En cherchant l’homme aux petits cigares dans les commerces aux alentours, il voit un mégot sur le trottoir devant une armurerie, un mégot qu’il reconnait instantanément. L’individu est à l’intérieur. Raphaël préfère attendre qu’il sorte. Il le suit jusqu’à sa voiture et le coince juste avant que l’homme n’ouvre la porte.

– Nous avons à parler tous les deux.

En se retournant, l’espion a un mouvement de recul. Il voit bien dans le regard de Raphaël une détermination à toute épreuve. Il tente quand même de s’éclipser en se retournant pour enfoncer la clef dans la serrure de sa voiture.

– Je crois pas, non !

Raphaël lui attrape fermement la main. Son antagoniste comprend bien qu’il ne ferait pas le poids, l’adversaire est bien plus jeune, bien plus fort.

– Vous n’avez pas le choix. Quitte à vous envoyer à l’hôpital et moi en cabane je ne vous laisserai pas repartir.

– Qu’est ce que vous voulez ?

– Vous le savez très bien, lui répond Raphaël en élevant la voix.

L’homme se mord les lèvres en retirant la clef de la serrure.

– Je connaissais vos parents, c’est tout.

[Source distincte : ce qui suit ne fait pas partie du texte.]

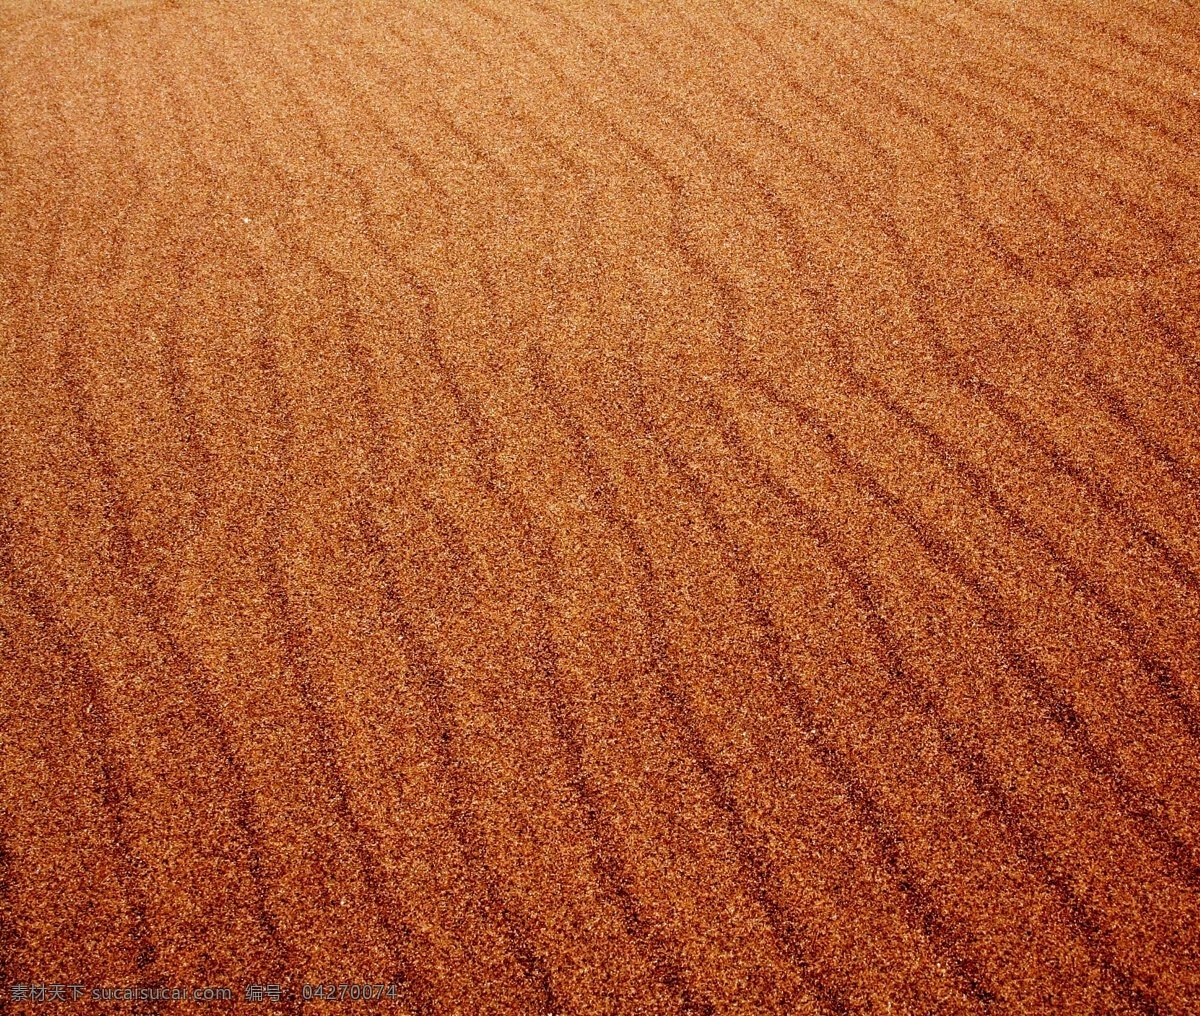 沙子 背景 沙滩 海滩 沙漠 细砂 底纹背景 背景图片 山水风景 风景图片

– Je vous préviens, ça va mal se terminer. J’ai rien à perdre moi. Il y a un élément nouveau et bientôt un gonze aux urgences si vous continuez … L’enquête peut être rouverte.

– Non ! Surtout pas ! Quel élément ?

Des passants commençaient à regarder le couple en dispute.

– Il vaut mieux que l’on en parle ailleurs. On va aller boire un jus de bas.

Une fois installé dans un café à l’écart d’oreilles indiscrètes, Raphaël saisit le bord de la table devant lui comme pour se retenir d’une action qu’il regretterait. Il a le regard dur, agressif.

– Alors ! On va pas tourner six mois autour du pot. Vous me connaissez et vous savez ce que je cherche.

– Qu’est ce que vous cherchez ?

– Des réponses ! Et vous, des réponses vous en avez, sinon pourquoi me surveiller sans arrêt ?

L’homme le regarde et attend un petit moment avant lui répondre, ce qui tend encore un peu plus les nerfs de Raphaël qui serre de plus belle le rebord de la table.

– Pantoute ! Je vous connais à peine et je n’ai rien à vous dire.

Il marque un temps d’arrêt, Raphaël le fusille du regard.

– Je m’appelle Raphaël Lévesque et vous Antoine …

– Antoine Tremblay ! Et puis après !

– Vous avez été notre voisin pendant des années.

– Et alors !

– Vous l’étiez encore quand mes parents ont disparu. Vous avez rapporté des outils au moment de leurs disparitions et vous avez caché un élément essentiel à la police.

– Qu’est ce que vous allez chercher là ? Quel élément ?

Raphaël sort une feuille de papier vierge de la poche de sa veste et la tend à son interlocuteur.

– Écrivez dessus « ne t’inquiète pas, mais rappelle-moi en urgence. »

– Pourquoi ?

Raphaël se relève en se penchant en avant et tape violemment sur la table en criant.

– Parce que je te le demande, espèce de moron.

Plusieurs clients se retournent. Le serveur arrête d’essuyer ses verres pour observer les antagonistes. Tremblay comprend que son interlocuteur ne lâchera pas le morceau et ne veut apparemment pas se faire remarquer.

– Ça va ! Pas besoin de se sauter dans la face.

Il prend le papier, sort un stylo de sa veste, appuie sur l’extrémité pour en faire sortir la mine et écrit. Dès qu’il a terminé, il tend la feuille à Raphaël.

– Voilà !

Tout en ne le quittant pas des yeux, le jeune homme plonge sa main dans la poche intérieure de sa veste pour en sortir le mot trouvé dans la boite de mèches. Il les regarde un moment pour comparer les écritures, puis relève lentement son regard vers l’interlocuteur en tournant les deux feuilles vers lui. Le voisin les prend en fronçant les sourcils.

– Qu’est ce que ça veut dire ?

– C’est un mot que j’ai retrouvé dans le garage, qui date du jour de la disparition de mes parents.

– Comment pouvez-vous être sûr de la date ?

– Je peux pas vous le dire, mais j’en suis sûr.

– Ne me croyez pas si vous voulez, mais je n’ ai pas écrit ce mot.

Tremblay devine que son ex-voisin va s’énerver à la vue de son visage qui se déforme à la manière d’une tête de cire que l’on introduirait dans un four à pizza. Il préfère prendre les devants.

– Ne vous mettez en colère. Je vous jure que c’est vrai. C’est la même écriture, mais il doit y avoir une explication.

– Maintenant vous allez tout me dire, qu’est ce qu’il vous avait laissé en plus des outils.